In January, 1985, Bob Moody and I visited Dick Slansky at Los Alamos National Laboratory to begin collaborating on what would eventually become a book. Driving back to the Albuquerque airport, we stopped to fill up at a NewMexigas service station. This is what I saw at the cashier’s window.

I lost it. Doubled over laughing, I stumbled back to the car, managed to grunt and point Bob towards the sign (he immediately lost it, too), and, thanks be to god, controlled the convulsions well enough to grab my camera and take a photo. [Click on the thumbnail for a larger uncropped version.]

This being the funniest thing ever, I jumped on the chance to share it later when I started posting stuff on the internet Bitnet. You can see the quote in my signature in this 1989 post to comp.dcom.telecom. (Also available in the TELECOM Digest & Archives.)

I used the quote in my signature off and on for some years, and in 1995, I contributed it to a web collection of funny signs. You can find that contribution here.

Unfortunately, an apparent misquoting of this sign (“We will sell gasoline to anyone in a glass container.”) now appears in many places on the web. The misquoting makes no sense to me as a funny thing, and I’ve seen no photo to back it up.

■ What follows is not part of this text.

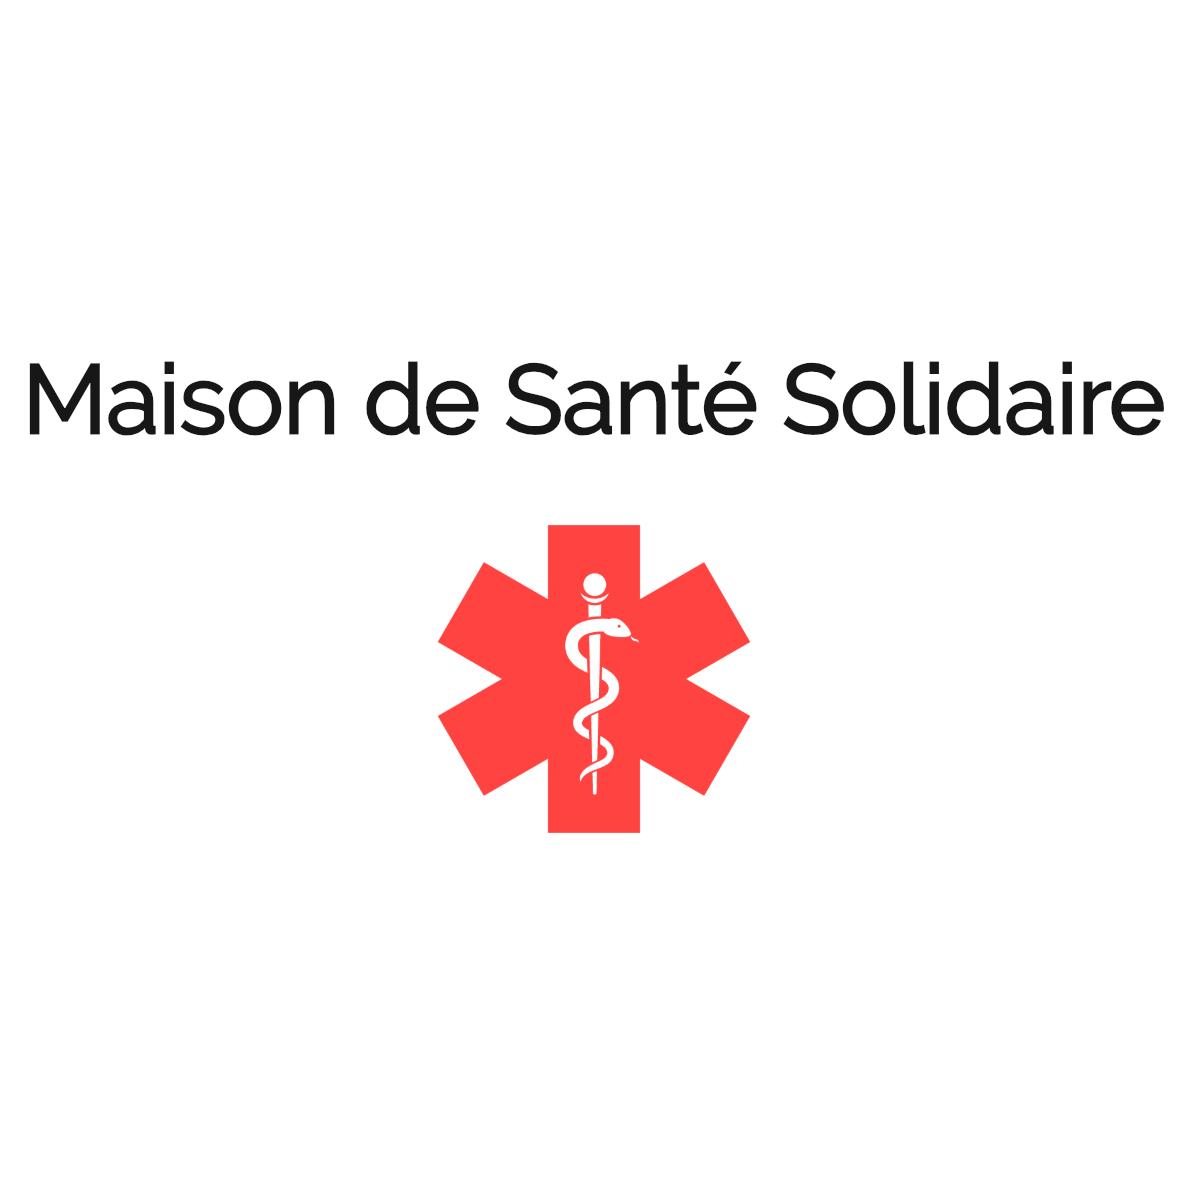 Maison de Santé Solidaire
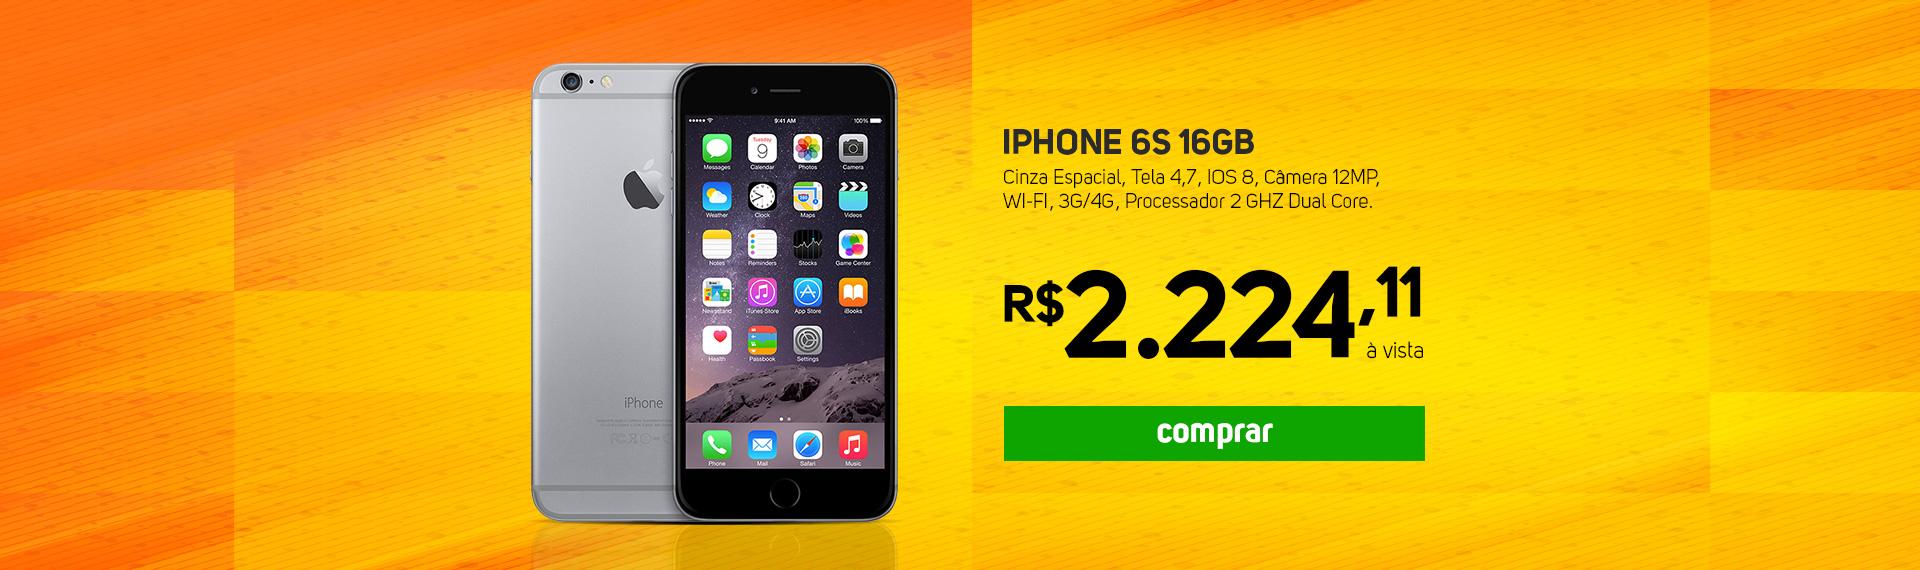 BANNER DE PRODUTO_IPHONE6S16GB

Here’s for setting the record straight.

2 Responses to “No gas will be sold to anyone in a glass container.”

  1. Mike Says:

    Your signature on that Usenet message totally doesn’t work in a variable-width font.

  2. Steve Kass Says:

    I know, I know. It looked fine in 1989 on my VT100, and the future of typography never occurred to me. Earlier today I wasted a good five minutes trying to find a link to my old post that would display right. If you know how to game Google Groups to behave, let me know.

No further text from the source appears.